»»

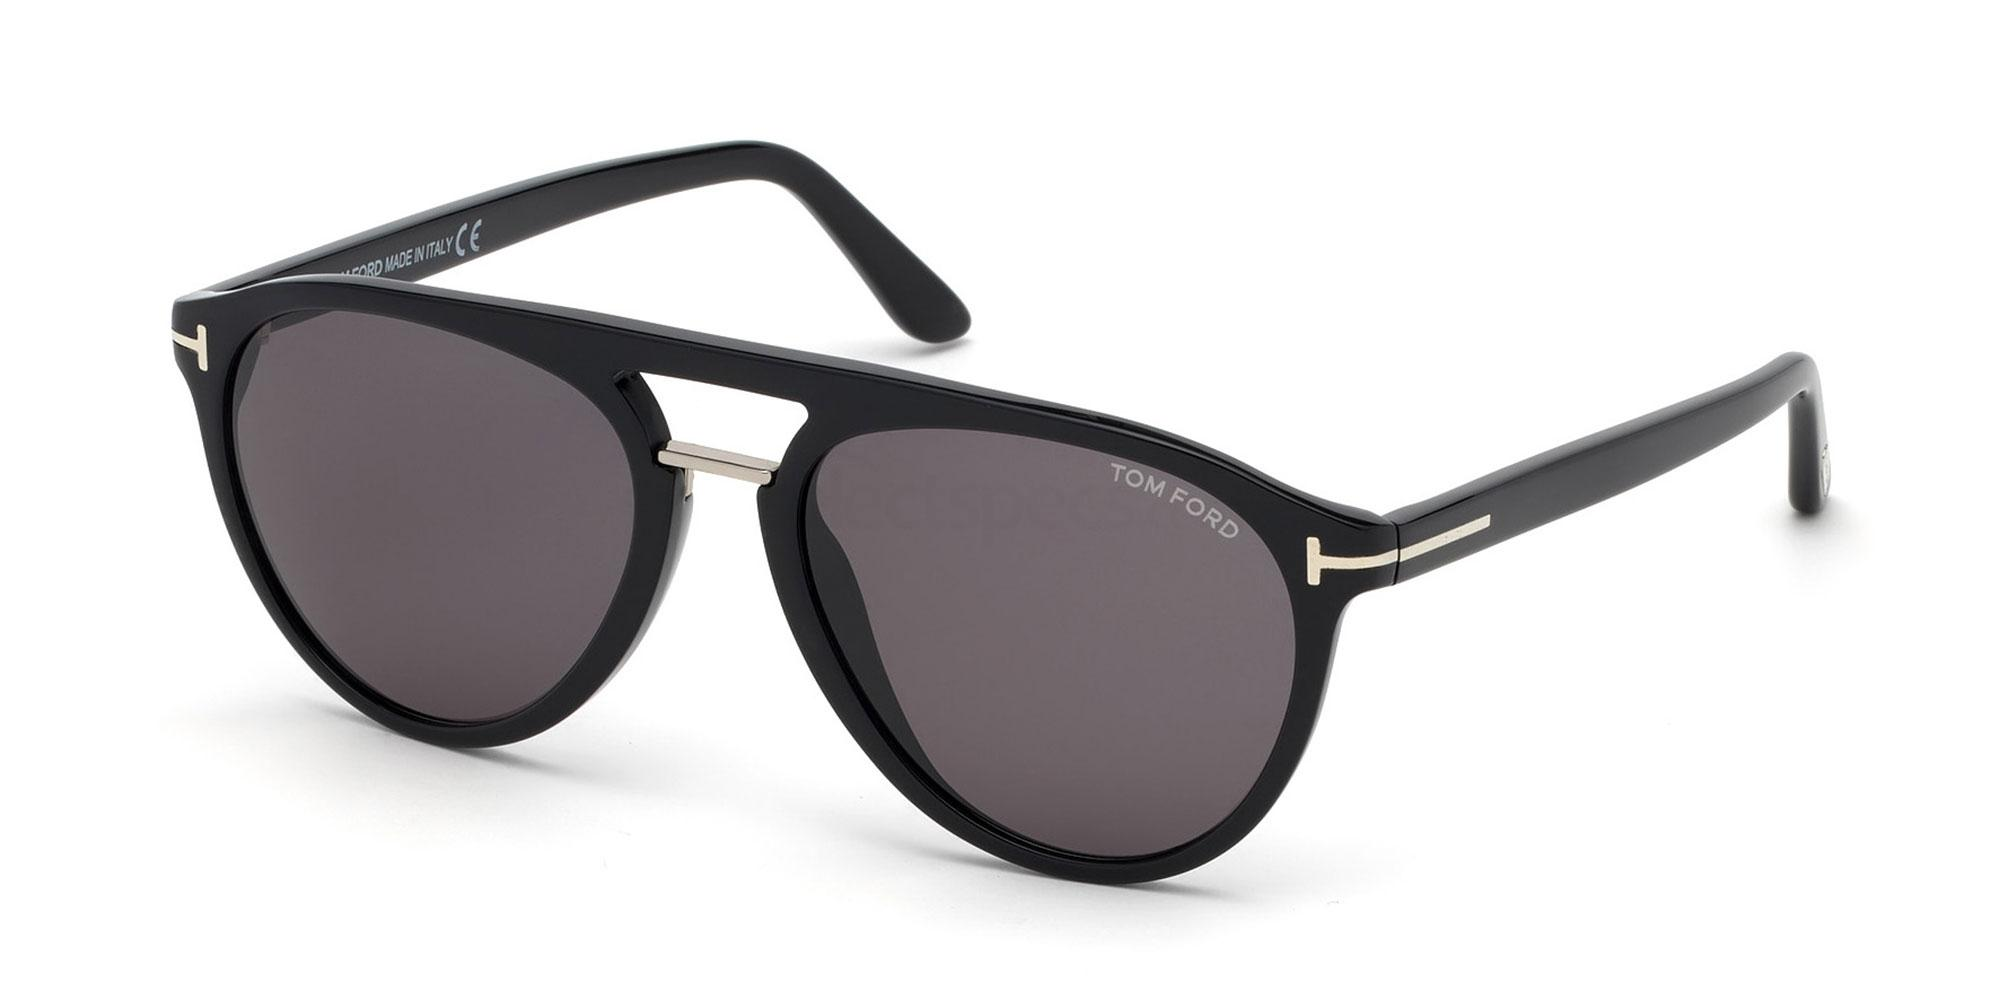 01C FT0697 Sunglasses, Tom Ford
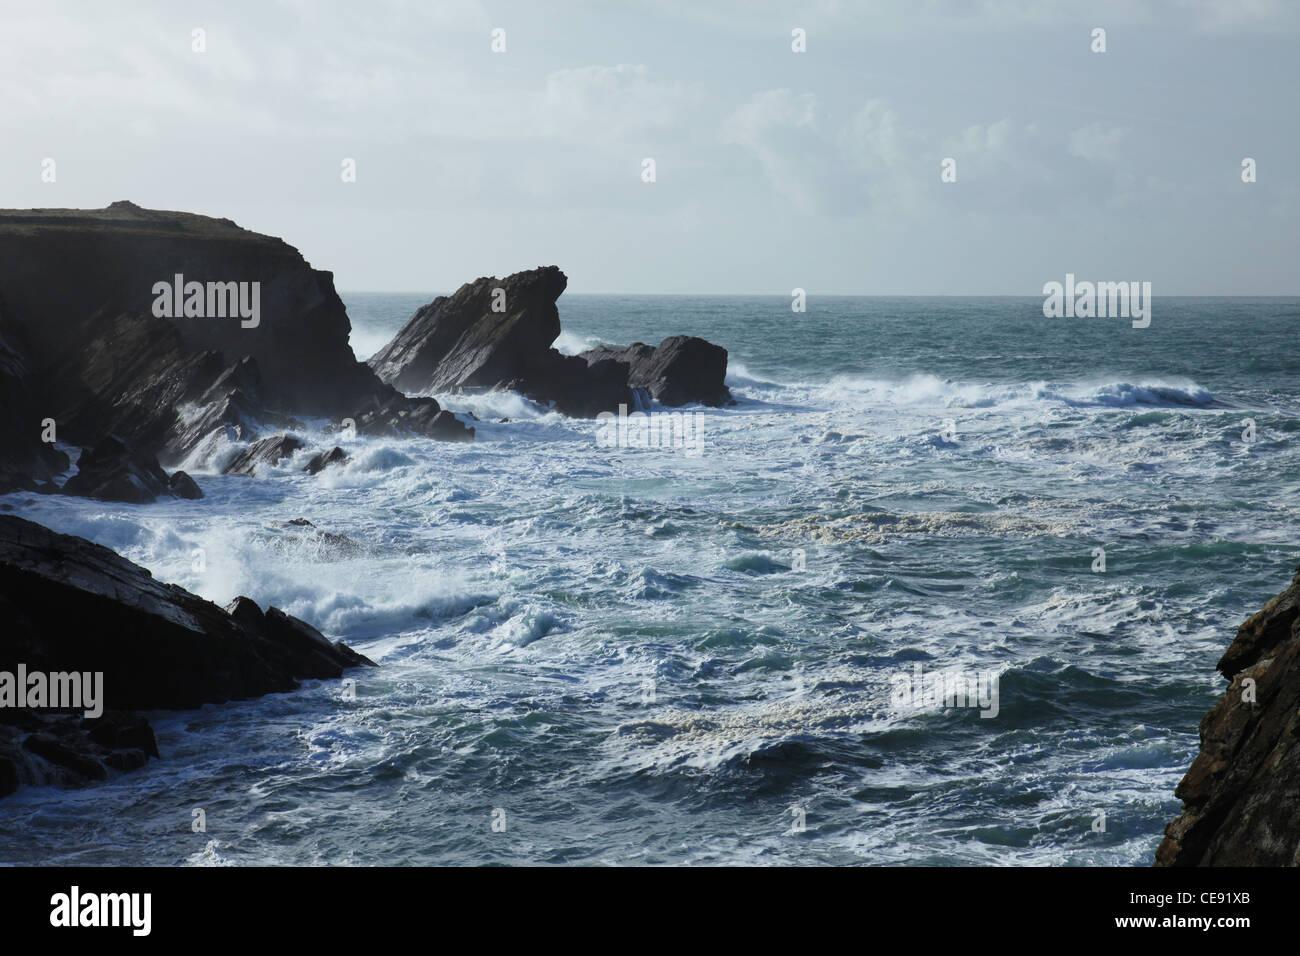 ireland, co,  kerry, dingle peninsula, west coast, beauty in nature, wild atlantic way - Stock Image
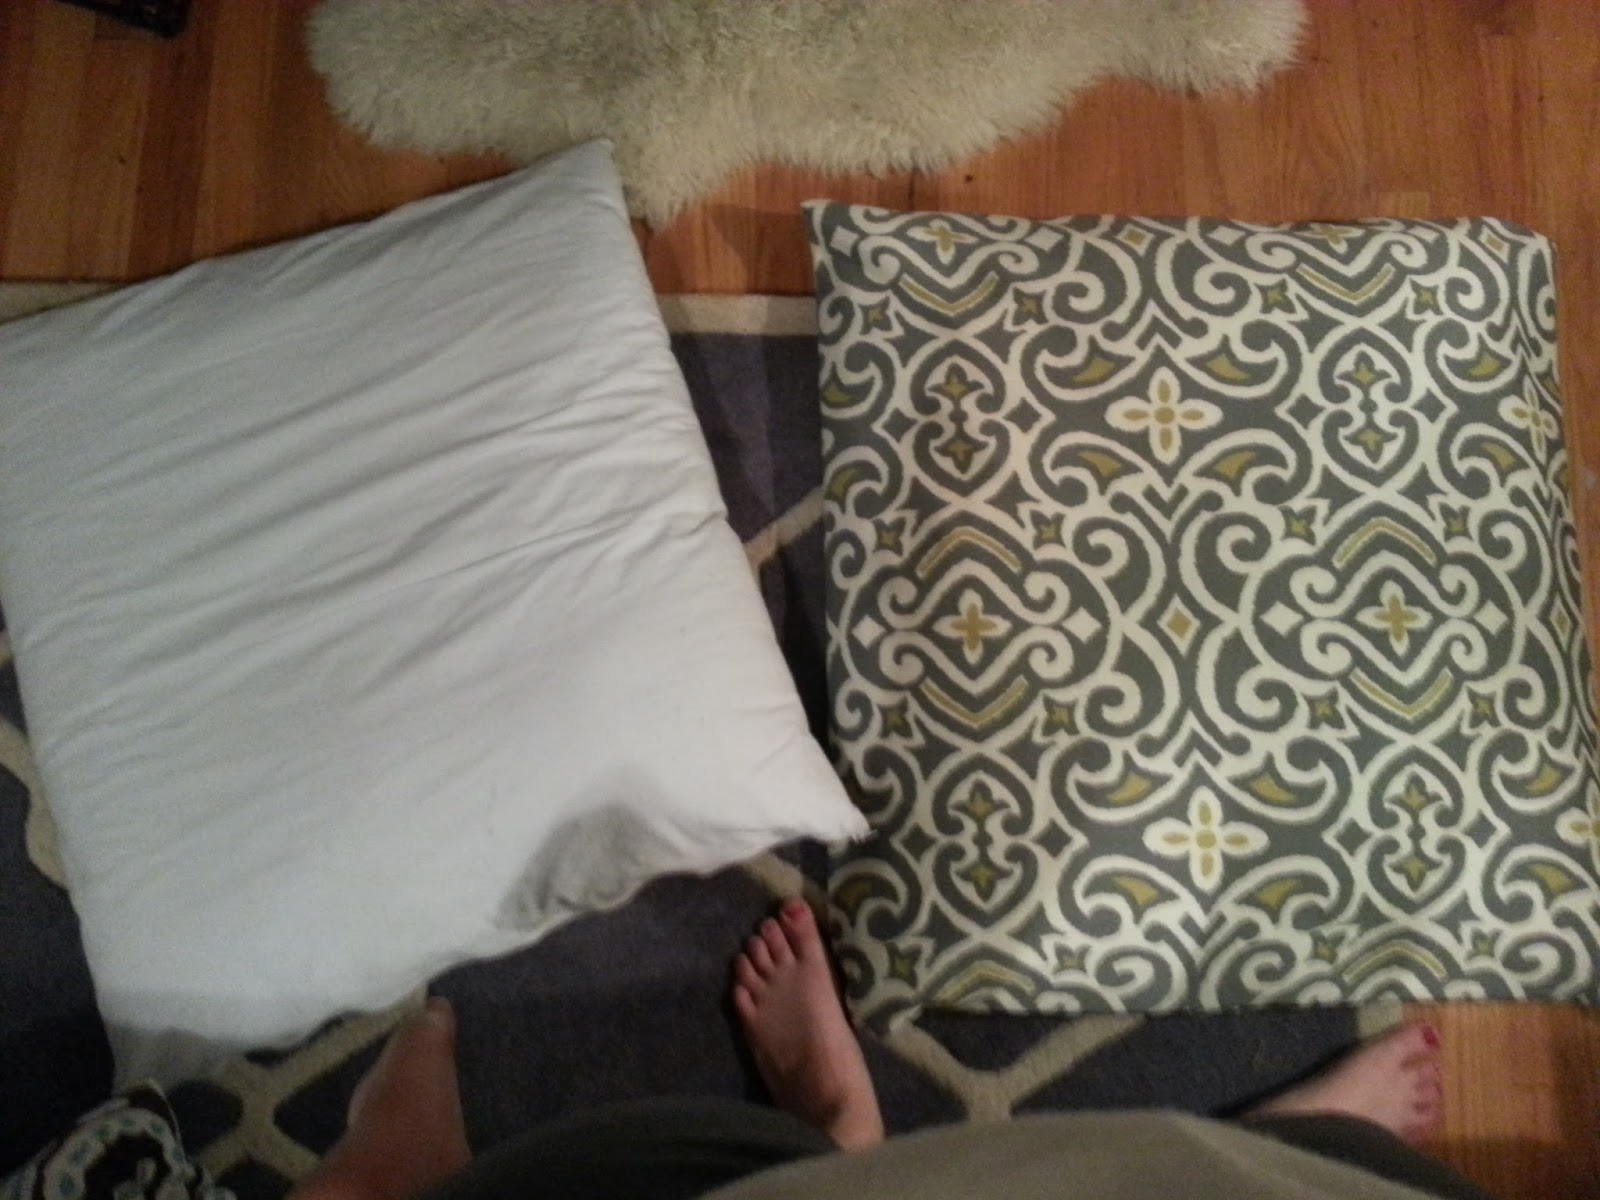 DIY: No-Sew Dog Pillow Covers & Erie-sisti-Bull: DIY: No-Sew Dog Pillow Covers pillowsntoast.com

««

> AIM OF THE EXERCISE
When you output the listing, reproduce it exactly but drop its pictures.

> ANSWER TO THIS PROBLEM
 01C FT0697 Sunglasses, Tom Ford
 ireland, co,  kerry, dingle peninsula, west coast, beauty in nature, wild atlantic way - Stock Image
 DIY: No-Sew Dog Pillow Covers & Erie-sisti-Bull: DIY: No-Sew Dog Pillow Covers pillowsntoast.com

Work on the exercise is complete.